Ocurría que el regalo de la zorra tenía un don
especial: el que se ponía la caperuza podía escuchar la conversación de las
plantas, de los árboles y de toda clase de animales.
Desde entonces, el ir al monte dejó de ser un trabajo
pesado para el viejo, era más bien una diversión; podía entretenerse oyendo lo
que hablaban los pajaritos o de lo que se reían las plantas, mientras iba
cortando la leña.
Cierto día, encima de la rama de un pino habían dos
cuervos que estaban chachareando. El anciano se ajustó bien la caperuza y se
sentó debajo para escuchar con atención su conversación.
-Oye, ¿te has enterado de que la hija del más rico de
la aldea hace mucho tiempo que está enferma?
-Sí, precisamente ayer por la noche, mis padres
hablaban de ello, decían que había caído una maldición sobre su casa.
-¿Una maldición?, ¿a qué te refieres?
-En el jardín hay un alcanforero, ¿te acuerdas de él?,
pues, encima de las raíces de este árbol el padre de la niña hizo construir un
granero de piedra. Desde entonces, el alcanforero odia al ricachón y le ha
demostrado su antipatía enfermando a su bonita hija.
Aquel día, el abuelo no podía quitarse de la cabeza
las palabras del cuervo, le daba lástima que la niña estuviera enferma sin
tener ninguna culpa. Así, decidió hacerle una visita.
En la casa del millonario, encontró a todos muy
preocupados. El padre estaba sentado en cuclillas sin moverse del lecho de la
enferma. El anciano le habló así:
-Me he enterado de la incurable enfermedad que sufre
su hijita; si me lo permite, me parece tener la solución, pero quiero contar
con su ayuda y confianza.
Aquel hombre tan poderoso había llamado a los mejores
médicos y todos le habían dicho que no tenía curación, así que por probar lo
que el viejo le diría pensó que nada podría perder.

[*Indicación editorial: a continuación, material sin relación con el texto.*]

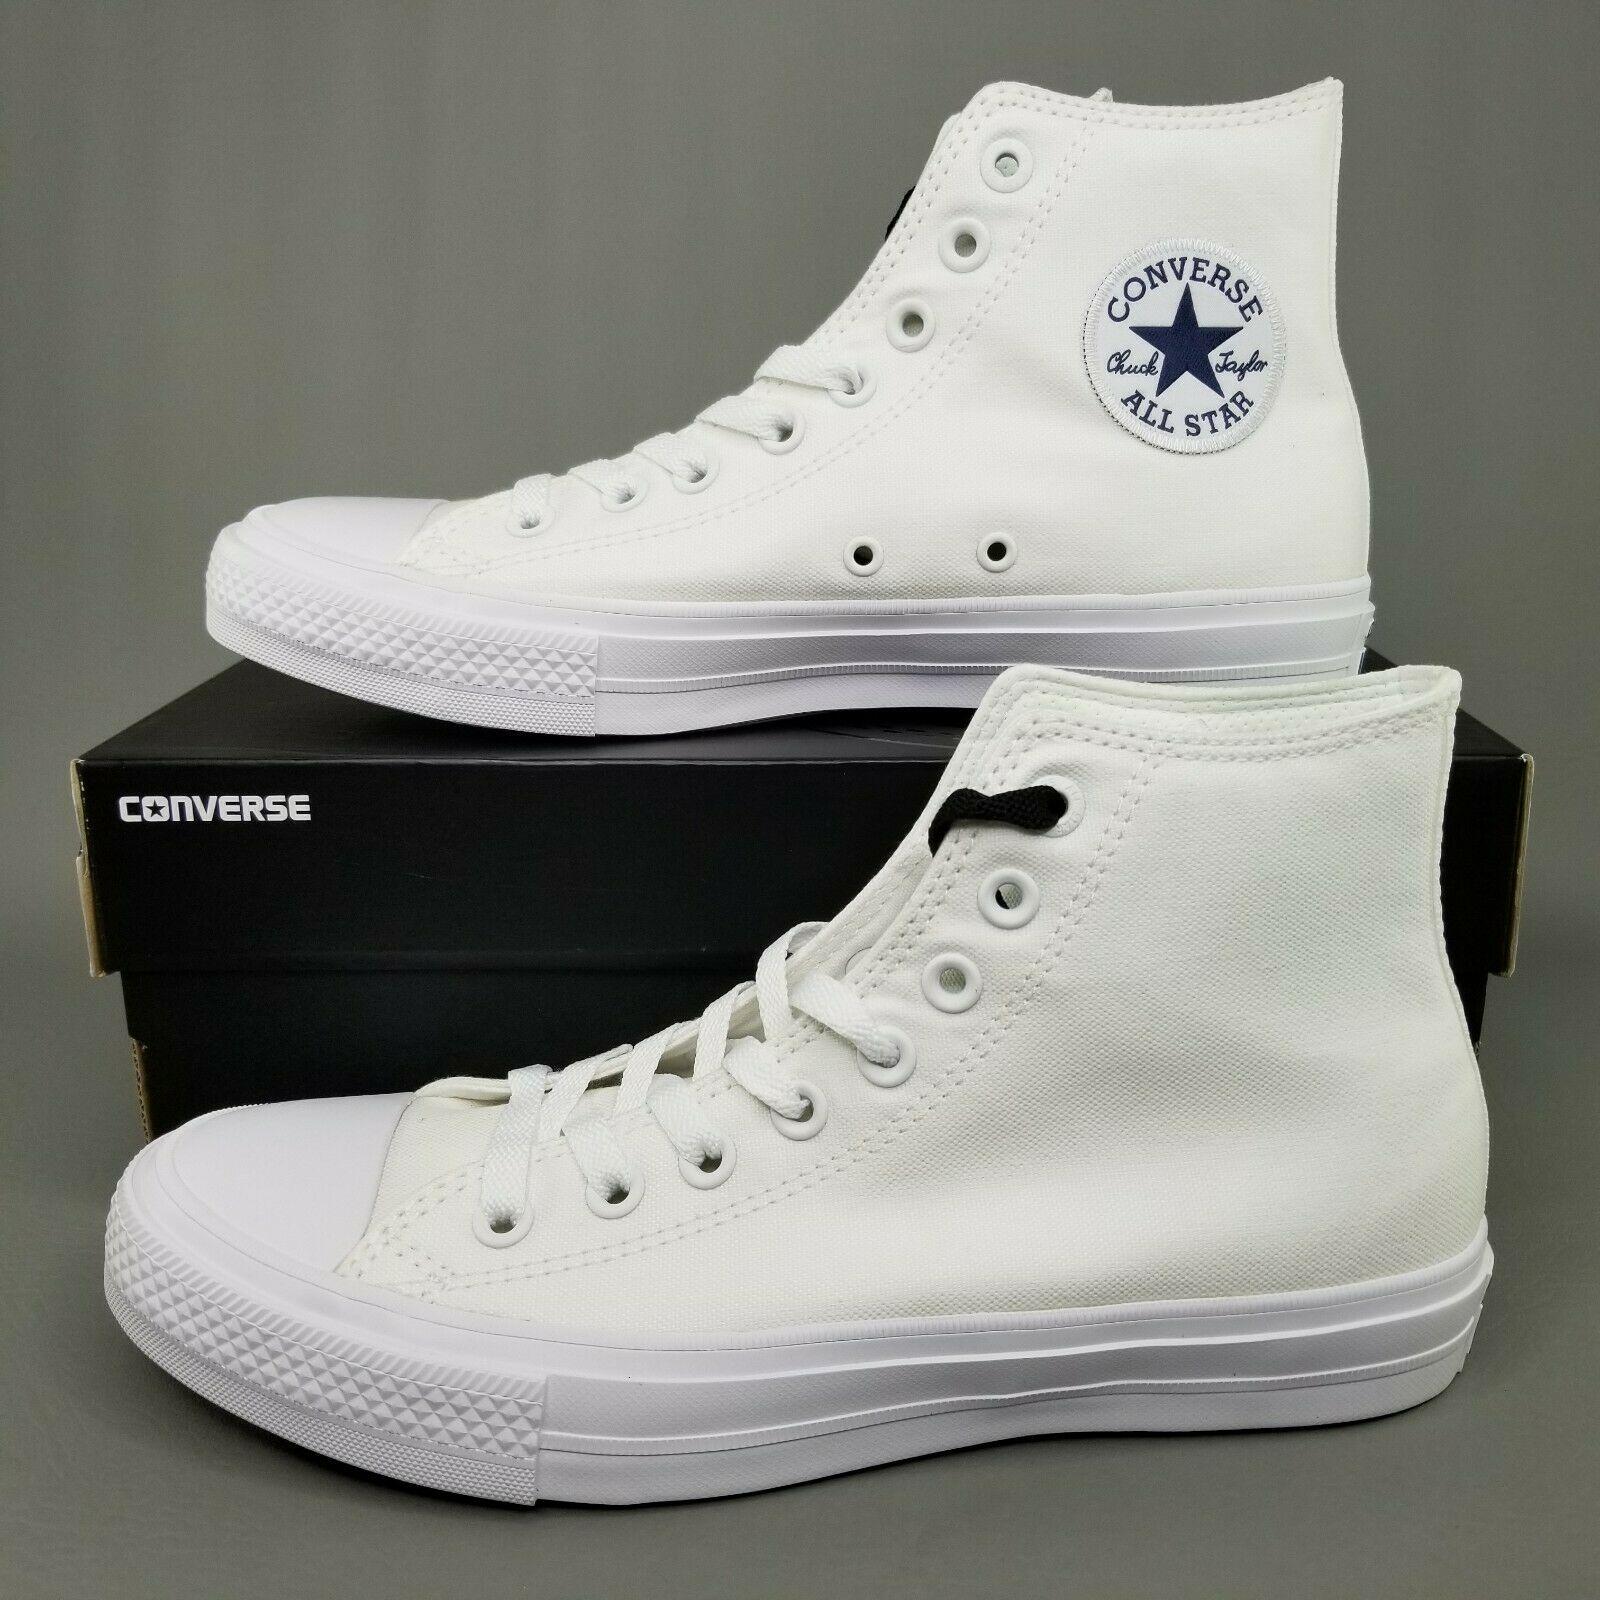 Converse Chuck Taylor II 2 Hi White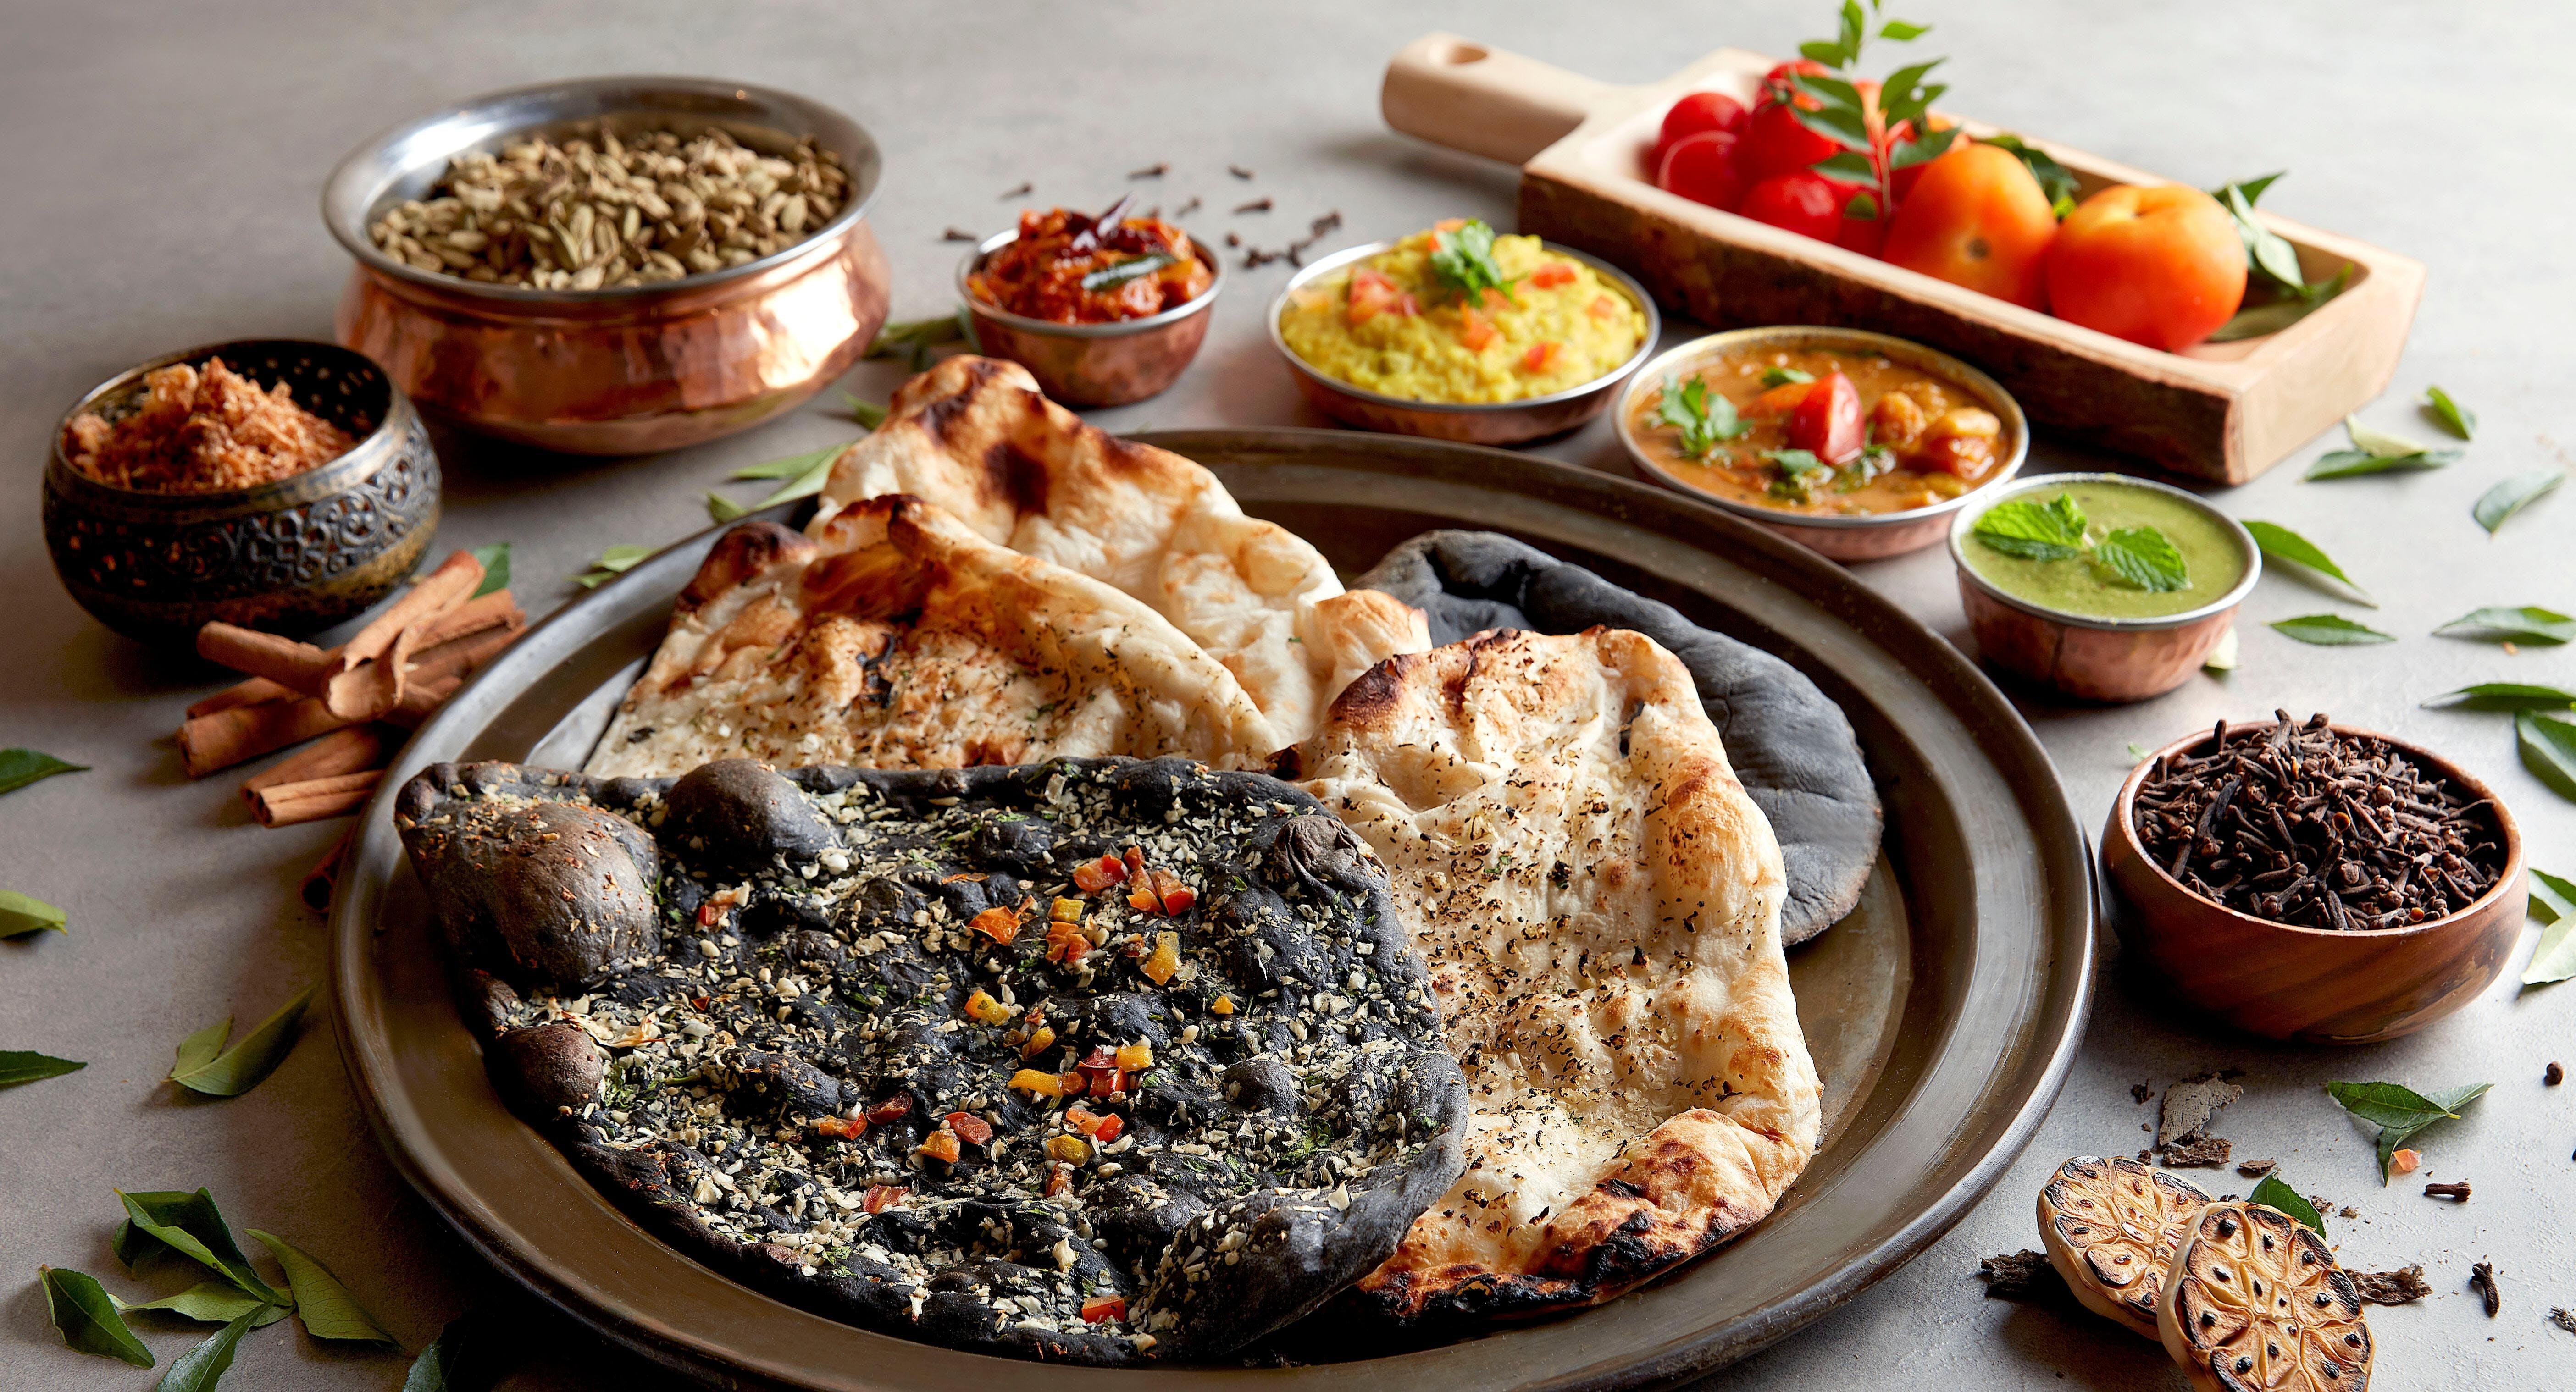 Spice Brasserie at PARKROYAL on Kitchener Road

Aquella misma noche, el anciano, con la roja caperuza
puesta, se sentó cerca del granero, sacó la pipa y esperó pacientemente oír
algo; sin embargo, por más que esperaba todo estaba tranquilo. Se figuró en el
apuro que se había puesto prometiéndole al ricacho la solución segura... Entre
aquellas cavilaciones, de pronto percibió una voz lastimera que se quejaba
así:
-¡Ay!, ¡ay! ¡Cómo me duele! ¡Cada día me aprisionas
más tan repleto de cosas!... -era la raíz del alcanforero que se lamentaba del
gran peso del granero.
Entonces, el viejo le preguntó a la raíz:
-Oye, raíz, ¿si te quitaran ese granero de encima,
eliminarías la maldición que hiciste caer sobre la chiquilla?
La raíz asintió, y el anciano se alegró.
En cuanto clareó el día, fue de nuevo a ver al padre
de la niña y le dijo:
-Haga el favor de retirar el granero que hay cerca del
árbol de alcanfor lo más pronto posible. Si hace lo que le digo, su hija se
curará.
El millonario se sorprendió de lo que decía aquel
pobre viejo, pero, por su querida hija única era capaz de intentarlo todo.
Inmediatamente ordenó que quitaran el granero del jardín. Después de aquello,
transcurrieron cinco días y las raíces del alcanforero se fueron llenando de
vida, las hojas se vistieron de un verde precioso y parecía que el tronco
sonreía. La voz del árbol le dijo al viejo:
-Gracias, muchas gracias, no sabes el bien que me has
hecho, ahora podré llegar a ser el alcanforero más grande de la aldea.
Los demás árboles de su contorno también se pusieron
muy contentos y participaron de su alegría.
Por su parte, la chiquilla fue mejorando día a día,
hasta restablecerse por completo. El padre no sabía cómo agradecérselo al
abuelo y le entregó un montón de oro.
Al recibir tanto oro, el viejo pensó que todo se lo
debía a Mamá zorra. Hizo un fajo con él, y ya de camino pensó:
-Para demostrarle a la zorra mi gratitud, voy a
comprarle mucha pasta de soja frita, ya que es su comida preferida.
Y como al abuelo le importaba poco el dinero se sintió
satisfecho con el restablecimiento de aquella preciosa niña.